SOURCE MATERIAL
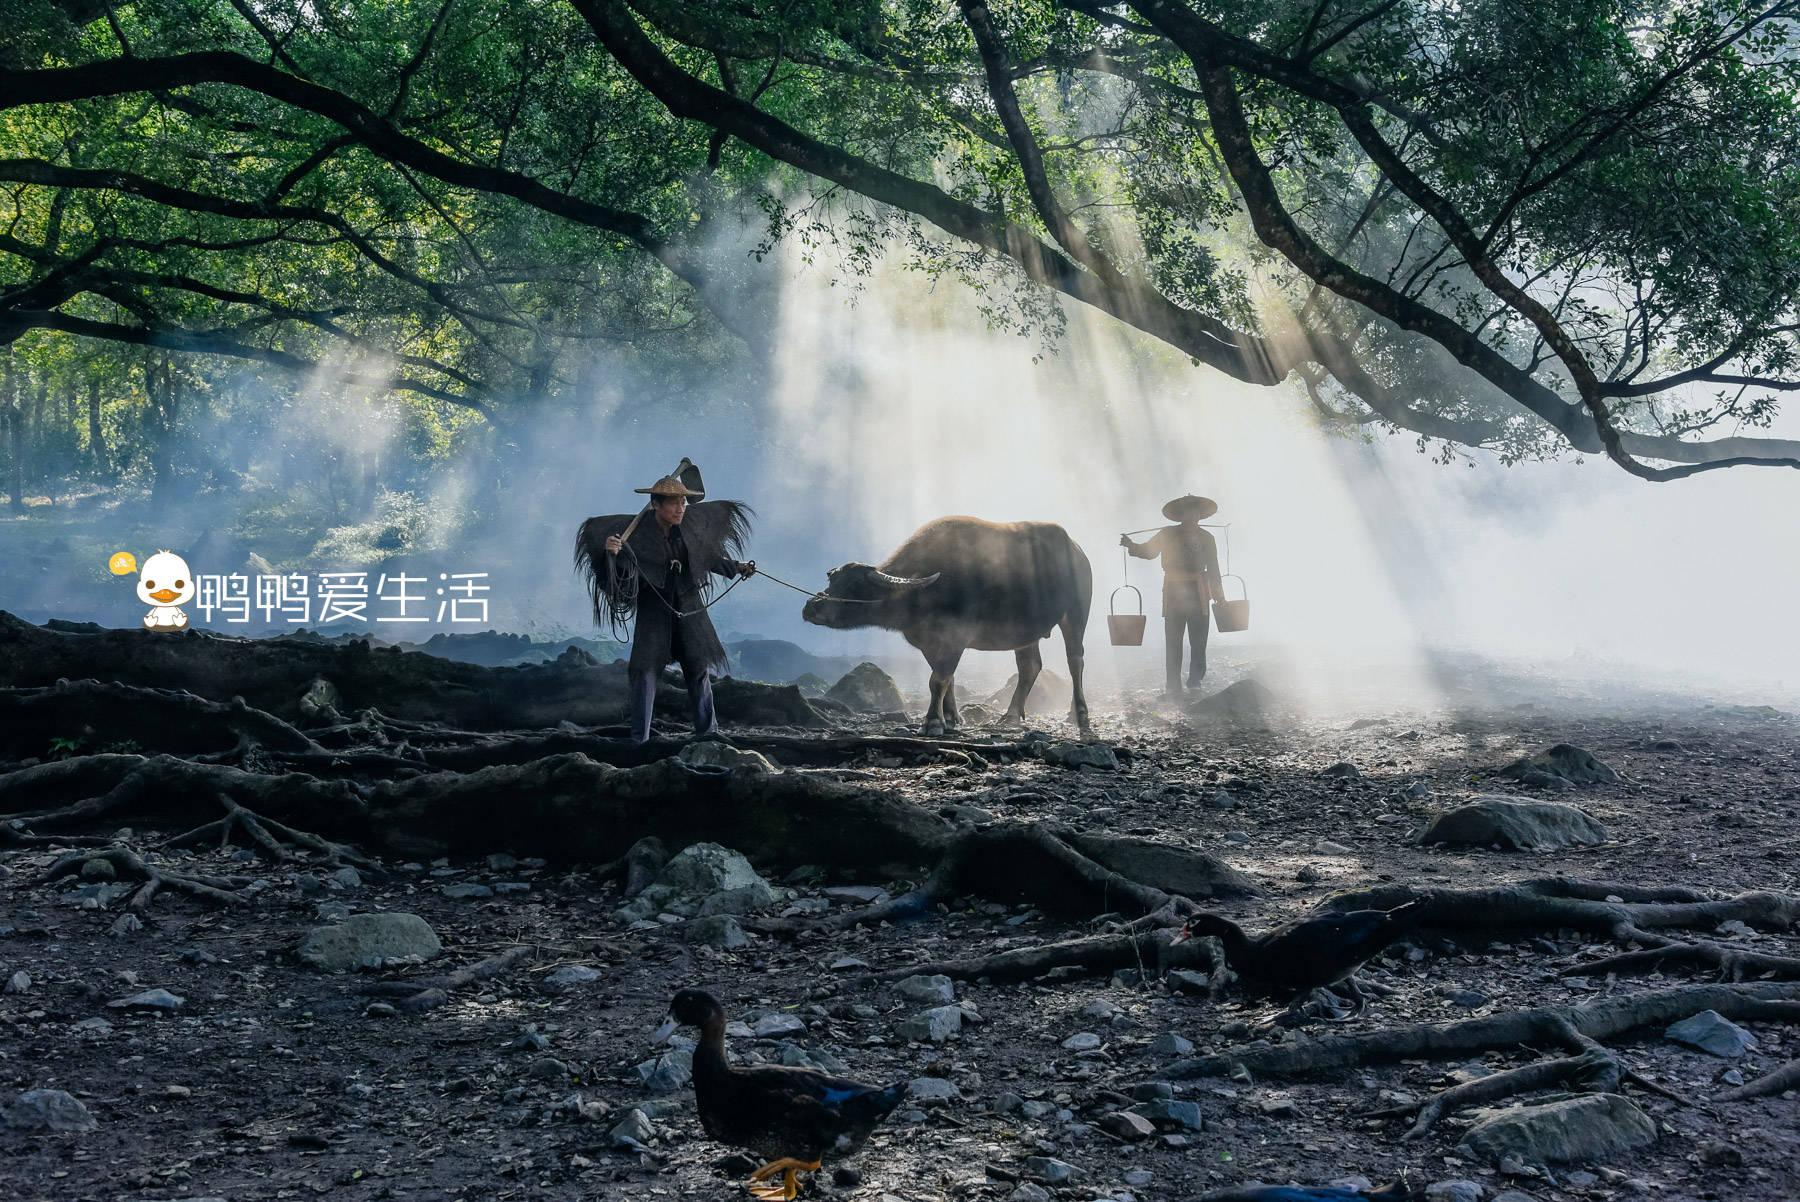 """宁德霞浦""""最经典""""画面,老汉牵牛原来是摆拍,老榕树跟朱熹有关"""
--
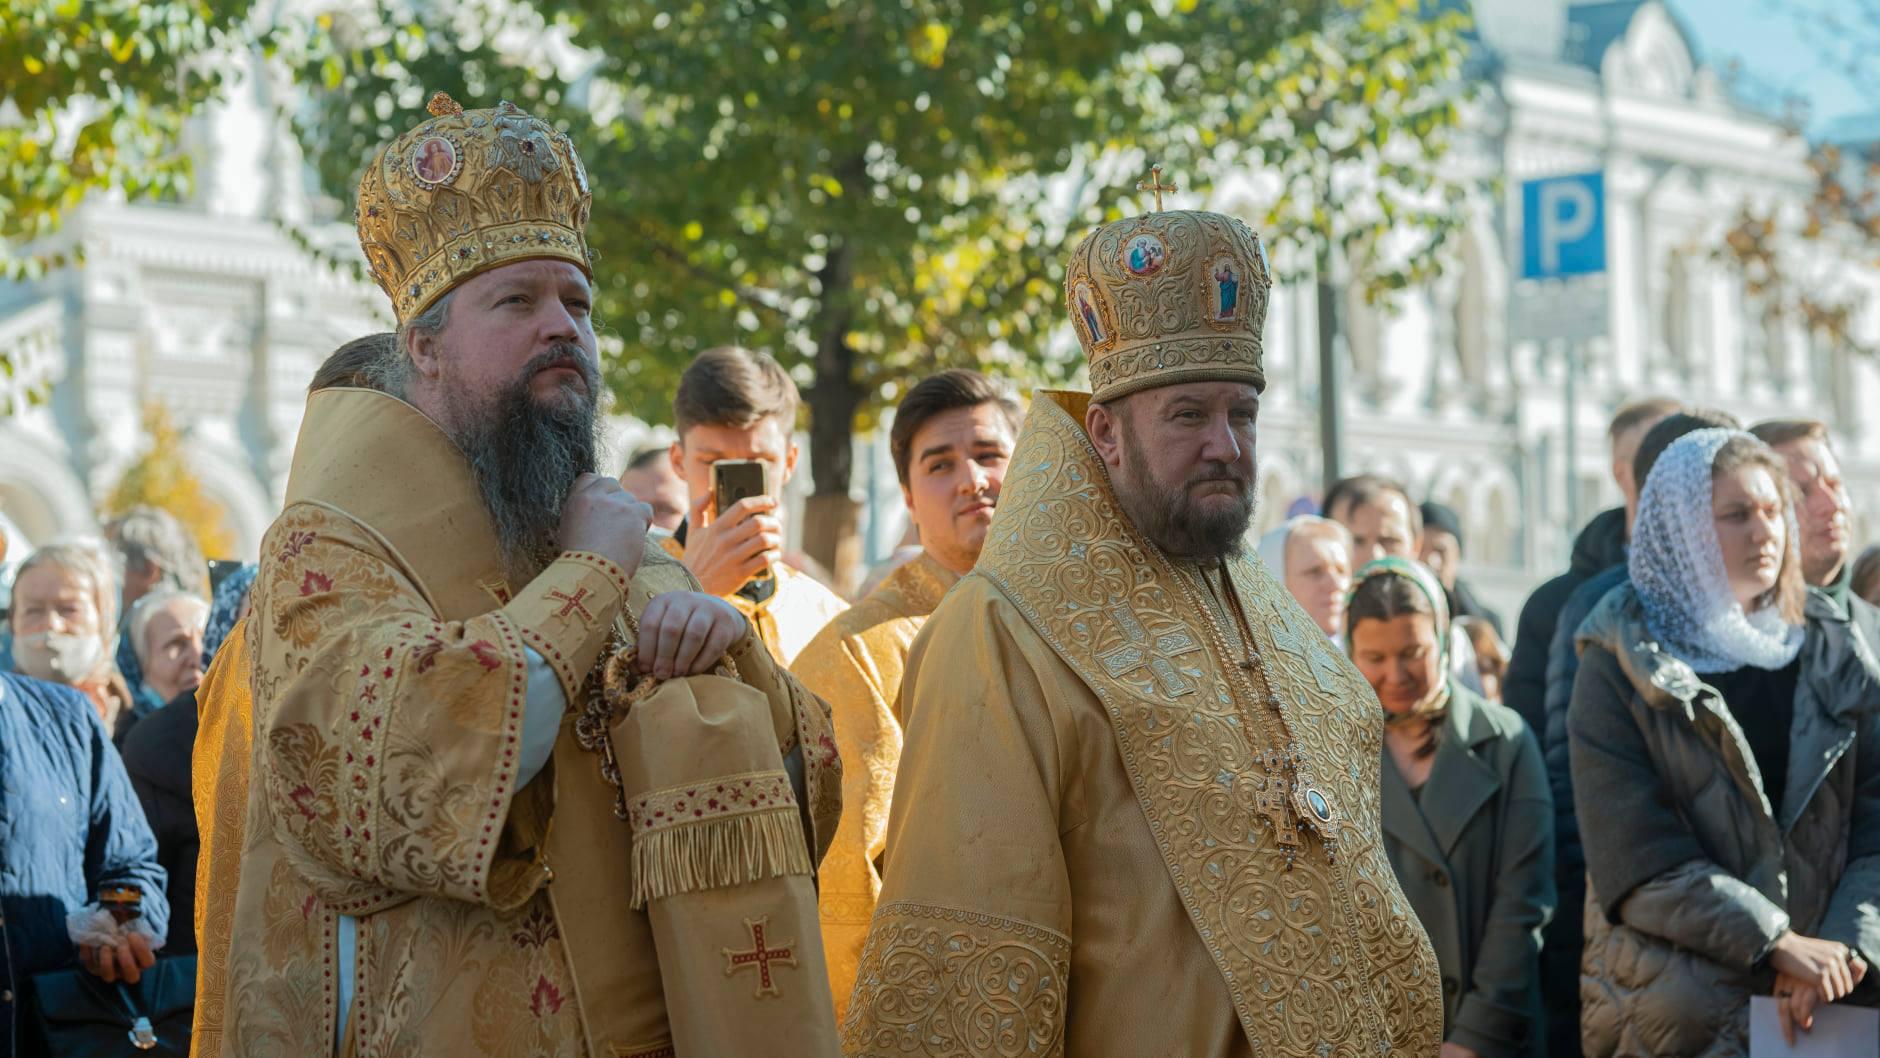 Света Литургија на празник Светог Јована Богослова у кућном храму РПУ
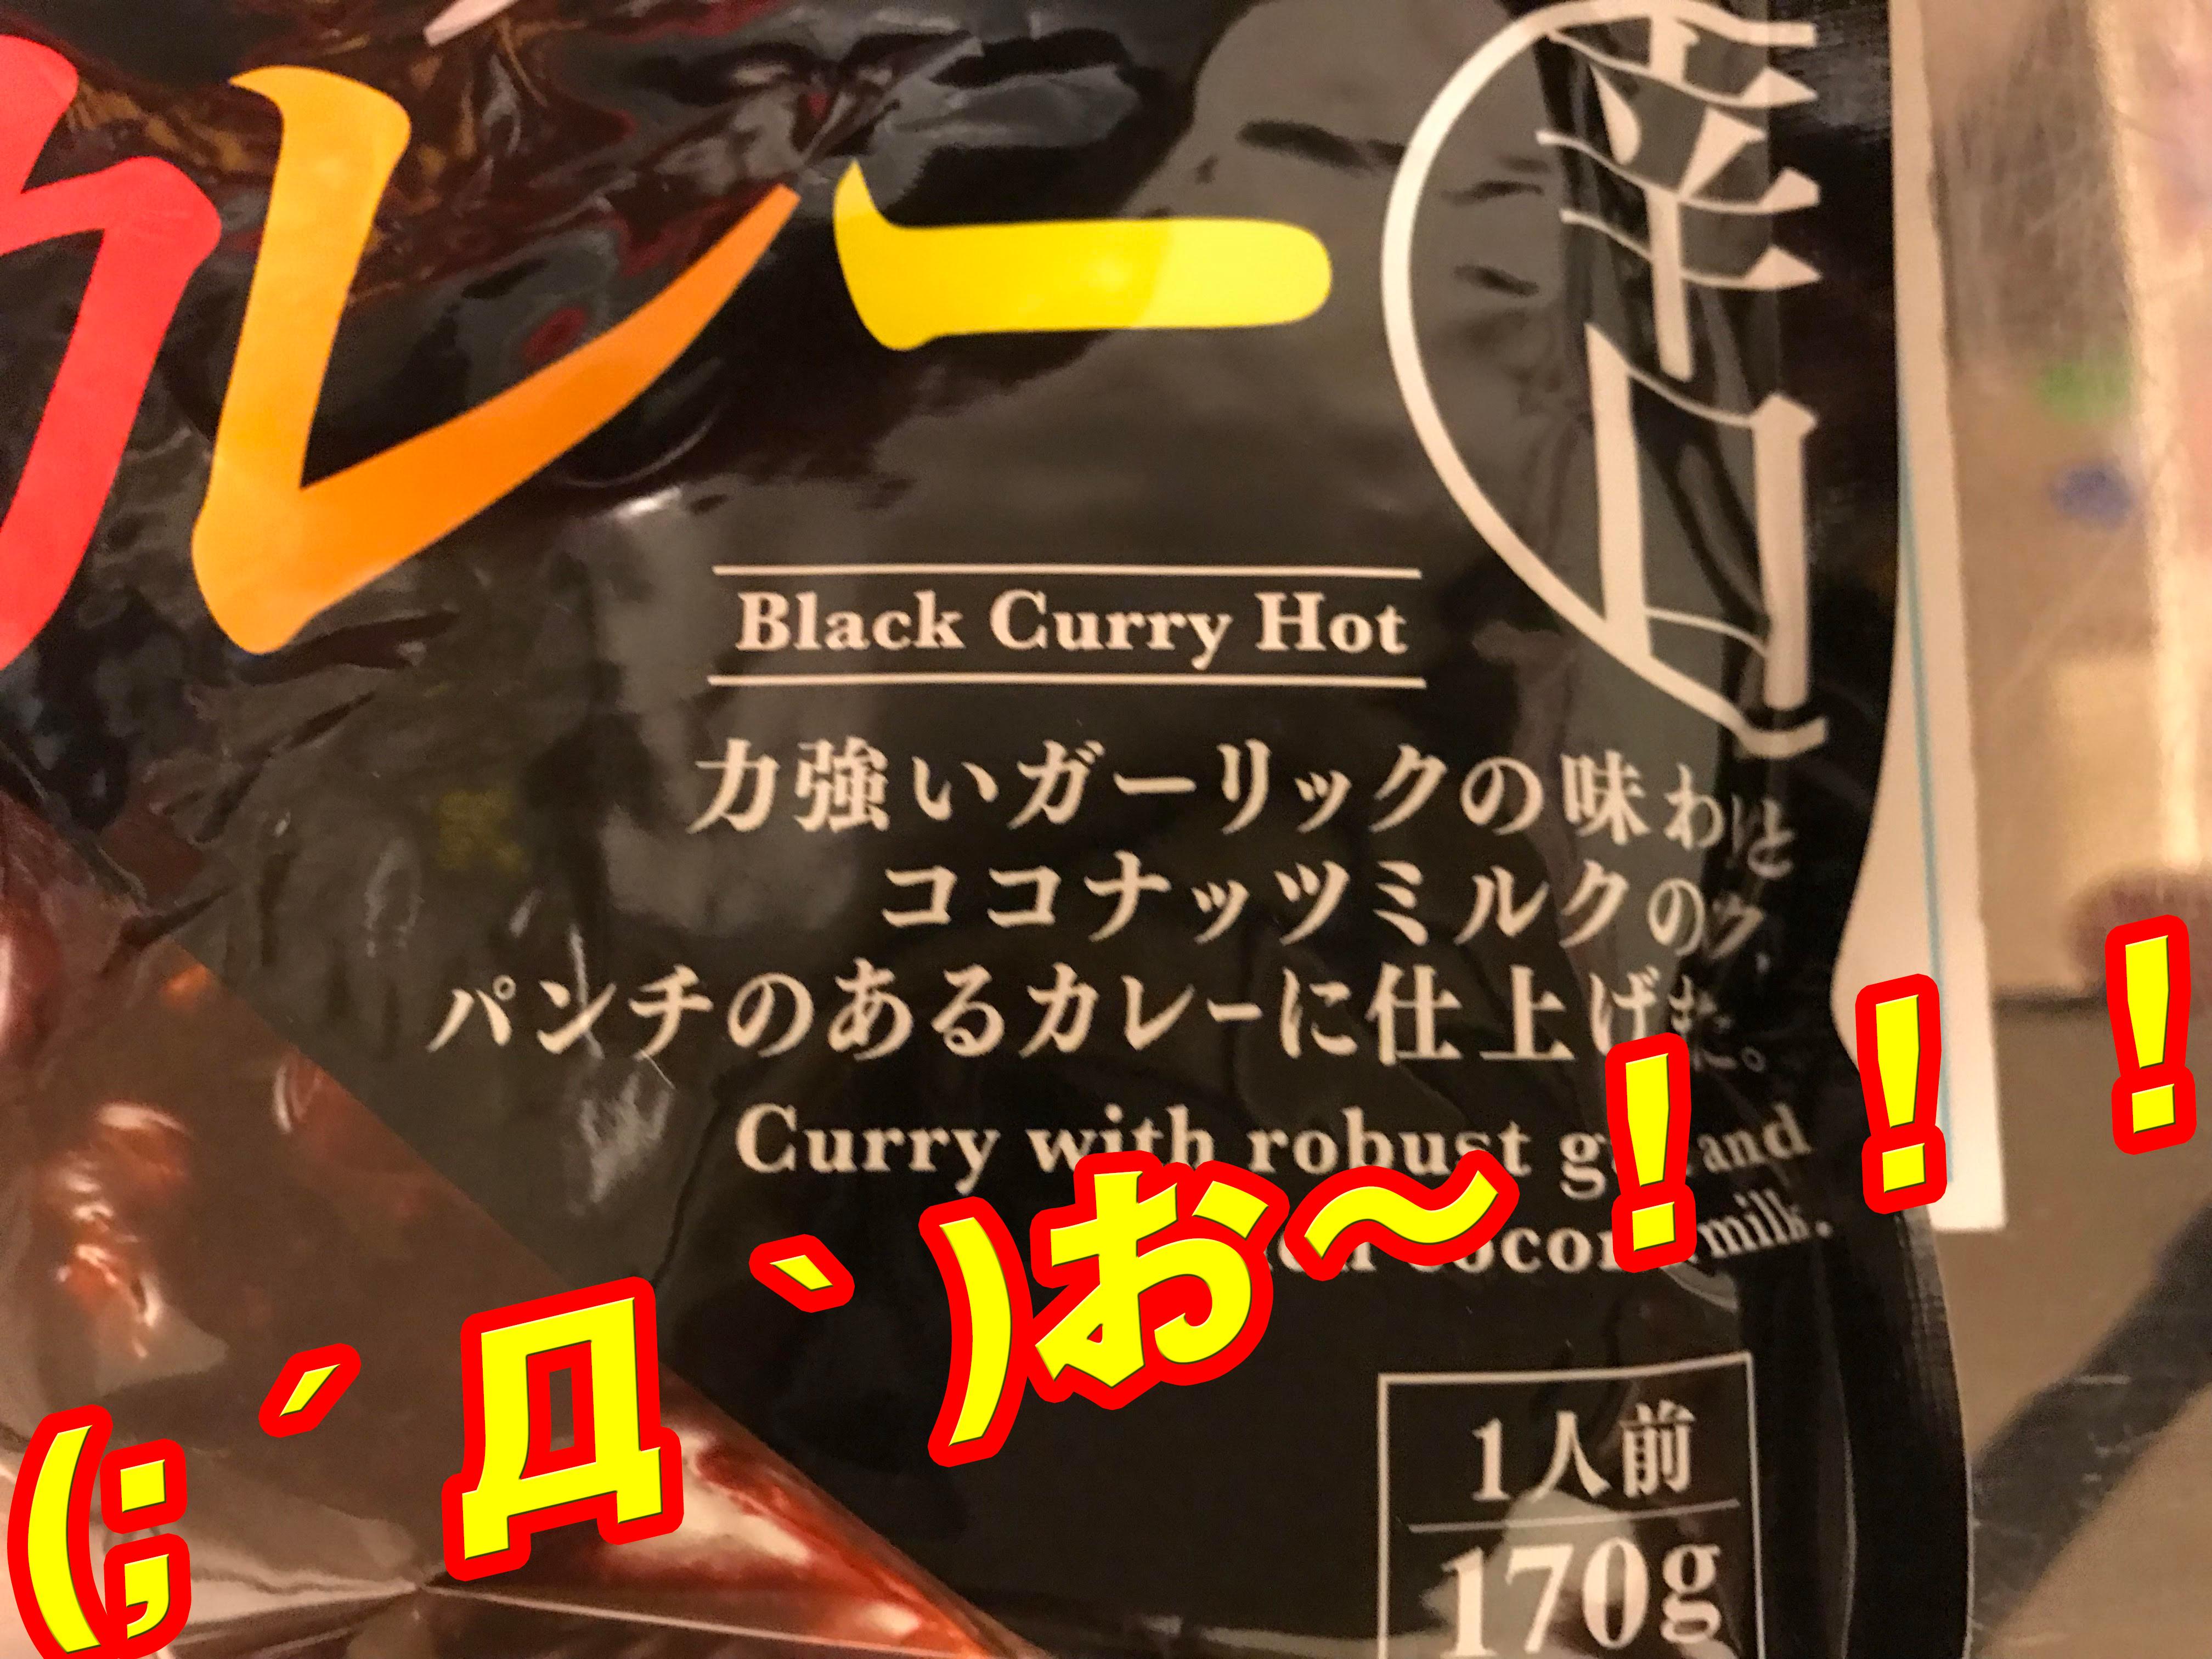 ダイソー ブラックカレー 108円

TASK OBJECTIVE
Output exactly the lines above, from the line with "Света Литургија на" to the line with "ダイソー ブラックカレー 108円", both included; skip the pictures.

FINISHED TASK
 Света Литургија на празник Светог Јована Богослова у кућном храму РПУ
 ダイソー ブラックカレー 108円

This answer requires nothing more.